— EXERCISE GOAL —
Filter the records below and copy every line containing the word "Shoes".

*-*-*

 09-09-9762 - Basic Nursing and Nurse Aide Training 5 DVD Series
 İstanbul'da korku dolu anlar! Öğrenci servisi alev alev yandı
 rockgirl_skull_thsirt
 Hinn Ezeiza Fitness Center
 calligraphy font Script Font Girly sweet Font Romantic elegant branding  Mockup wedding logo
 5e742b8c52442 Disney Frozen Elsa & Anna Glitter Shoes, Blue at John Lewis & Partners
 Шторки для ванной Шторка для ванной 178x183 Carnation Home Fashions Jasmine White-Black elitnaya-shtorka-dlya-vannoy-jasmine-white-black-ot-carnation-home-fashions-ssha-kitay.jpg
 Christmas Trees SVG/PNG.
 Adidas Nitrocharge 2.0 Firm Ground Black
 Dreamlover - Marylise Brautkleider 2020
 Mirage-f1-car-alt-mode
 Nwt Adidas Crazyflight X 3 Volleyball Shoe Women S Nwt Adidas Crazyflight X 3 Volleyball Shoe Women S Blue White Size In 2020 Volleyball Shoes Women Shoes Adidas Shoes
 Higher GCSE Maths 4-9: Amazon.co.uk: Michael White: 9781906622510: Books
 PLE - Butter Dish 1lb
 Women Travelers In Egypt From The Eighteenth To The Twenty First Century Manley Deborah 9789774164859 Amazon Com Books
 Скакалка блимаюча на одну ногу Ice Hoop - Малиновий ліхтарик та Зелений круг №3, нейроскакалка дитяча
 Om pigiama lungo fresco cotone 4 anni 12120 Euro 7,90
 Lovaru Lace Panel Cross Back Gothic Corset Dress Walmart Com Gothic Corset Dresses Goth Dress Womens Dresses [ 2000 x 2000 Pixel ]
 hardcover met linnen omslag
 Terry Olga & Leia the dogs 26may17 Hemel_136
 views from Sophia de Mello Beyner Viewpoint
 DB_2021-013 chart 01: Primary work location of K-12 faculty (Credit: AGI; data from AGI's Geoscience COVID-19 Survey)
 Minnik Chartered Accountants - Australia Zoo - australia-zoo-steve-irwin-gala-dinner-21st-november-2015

*-*-*

— WRITTEN SOLUTION —
 5e742b8c52442 Disney Frozen Elsa & Anna Glitter Shoes, Blue at John Lewis & Partners
 Nwt Adidas Crazyflight X 3 Volleyball Shoe Women S Nwt Adidas Crazyflight X 3 Volleyball Shoe Women S Blue White Size In 2020 Volleyball Shoes Women Shoes Adidas Shoes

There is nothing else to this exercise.